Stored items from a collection
************
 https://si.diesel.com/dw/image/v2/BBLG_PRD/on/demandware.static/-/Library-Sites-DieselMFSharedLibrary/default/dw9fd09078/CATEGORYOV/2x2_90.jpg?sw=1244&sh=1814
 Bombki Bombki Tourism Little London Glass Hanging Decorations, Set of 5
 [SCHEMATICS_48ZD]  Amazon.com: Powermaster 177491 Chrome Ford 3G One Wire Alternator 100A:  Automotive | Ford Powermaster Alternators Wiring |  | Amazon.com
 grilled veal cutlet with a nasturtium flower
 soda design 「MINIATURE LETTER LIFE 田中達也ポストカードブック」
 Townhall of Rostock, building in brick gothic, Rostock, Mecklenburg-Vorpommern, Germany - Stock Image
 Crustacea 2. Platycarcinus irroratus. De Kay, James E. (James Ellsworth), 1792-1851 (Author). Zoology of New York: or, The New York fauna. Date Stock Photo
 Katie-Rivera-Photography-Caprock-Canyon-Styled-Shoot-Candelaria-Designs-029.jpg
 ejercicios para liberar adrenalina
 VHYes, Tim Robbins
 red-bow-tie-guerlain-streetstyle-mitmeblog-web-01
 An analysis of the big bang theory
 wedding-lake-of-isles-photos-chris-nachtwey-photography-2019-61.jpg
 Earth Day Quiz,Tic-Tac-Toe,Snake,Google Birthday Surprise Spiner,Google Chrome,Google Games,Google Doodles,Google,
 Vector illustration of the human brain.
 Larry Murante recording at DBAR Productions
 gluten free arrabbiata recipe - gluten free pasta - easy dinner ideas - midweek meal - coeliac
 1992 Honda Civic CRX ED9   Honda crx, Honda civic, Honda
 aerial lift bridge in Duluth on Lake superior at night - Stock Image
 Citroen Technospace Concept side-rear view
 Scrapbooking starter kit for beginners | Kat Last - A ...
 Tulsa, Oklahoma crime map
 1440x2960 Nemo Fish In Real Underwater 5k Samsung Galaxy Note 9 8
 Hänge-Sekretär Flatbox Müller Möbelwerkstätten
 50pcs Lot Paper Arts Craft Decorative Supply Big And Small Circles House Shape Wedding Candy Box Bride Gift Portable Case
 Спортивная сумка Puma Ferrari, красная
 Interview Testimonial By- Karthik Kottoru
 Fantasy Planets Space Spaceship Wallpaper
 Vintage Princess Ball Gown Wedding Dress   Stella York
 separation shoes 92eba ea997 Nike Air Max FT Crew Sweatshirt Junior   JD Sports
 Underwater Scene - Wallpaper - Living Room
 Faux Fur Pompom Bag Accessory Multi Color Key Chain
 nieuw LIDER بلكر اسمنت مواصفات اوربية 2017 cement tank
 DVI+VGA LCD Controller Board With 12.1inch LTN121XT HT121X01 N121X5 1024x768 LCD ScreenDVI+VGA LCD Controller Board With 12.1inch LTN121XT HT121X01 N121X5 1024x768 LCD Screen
************
### Exercise goal
Once you have read the entries, repeat them all exactly.

### Problem solution
 https://si.diesel.com/dw/image/v2/BBLG_PRD/on/demandware.static/-/Library-Sites-DieselMFSharedLibrary/default/dw9fd09078/CATEGORYOV/2x2_90.jpg?sw=1244&sh=1814
 Bombki Bombki Tourism Little London Glass Hanging Decorations, Set of 5
 [SCHEMATICS_48ZD]  Amazon.com: Powermaster 177491 Chrome Ford 3G One Wire Alternator 100A:  Automotive | Ford Powermaster Alternators Wiring |  | Amazon.com
 grilled veal cutlet with a nasturtium flower
 soda design 「MINIATURE LETTER LIFE 田中達也ポストカードブック」
 Townhall of Rostock, building in brick gothic, Rostock, Mecklenburg-Vorpommern, Germany - Stock Image
 Crustacea 2. Platycarcinus irroratus. De Kay, James E. (James Ellsworth), 1792-1851 (Author). Zoology of New York: or, The New York fauna. Date Stock Photo
 Katie-Rivera-Photography-Caprock-Canyon-Styled-Shoot-Candelaria-Designs-029.jpg
 ejercicios para liberar adrenalina
 VHYes, Tim Robbins
 red-bow-tie-guerlain-streetstyle-mitmeblog-web-01
 An analysis of the big bang theory
 wedding-lake-of-isles-photos-chris-nachtwey-photography-2019-61.jpg
 Earth Day Quiz,Tic-Tac-Toe,Snake,Google Birthday Surprise Spiner,Google Chrome,Google Games,Google Doodles,Google,
 Vector illustration of the human brain.
 Larry Murante recording at DBAR Productions
 gluten free arrabbiata recipe - gluten free pasta - easy dinner ideas - midweek meal - coeliac
 1992 Honda Civic CRX ED9   Honda crx, Honda civic, Honda
 aerial lift bridge in Duluth on Lake superior at night - Stock Image
 Citroen Technospace Concept side-rear view
 Scrapbooking starter kit for beginners | Kat Last - A ...
 Tulsa, Oklahoma crime map
 1440x2960 Nemo Fish In Real Underwater 5k Samsung Galaxy Note 9 8
 Hänge-Sekretär Flatbox Müller Möbelwerkstätten
 50pcs Lot Paper Arts Craft Decorative Supply Big And Small Circles House Shape Wedding Candy Box Bride Gift Portable Case
 Спортивная сумка Puma Ferrari, красная
 Interview Testimonial By- Karthik Kottoru
 Fantasy Planets Space Spaceship Wallpaper
 Vintage Princess Ball Gown Wedding Dress   Stella York
 separation shoes 92eba ea997 Nike Air Max FT Crew Sweatshirt Junior   JD Sports
 Underwater Scene - Wallpaper - Living Room
 Faux Fur Pompom Bag Accessory Multi Color Key Chain
 nieuw LIDER بلكر اسمنت مواصفات اوربية 2017 cement tank
 DVI+VGA LCD Controller Board With 12.1inch LTN121XT HT121X01 N121X5 1024x768 LCD ScreenDVI+VGA LCD Controller Board With 12.1inch LTN121XT HT121X01 N121X5 1024x768 LCD Screen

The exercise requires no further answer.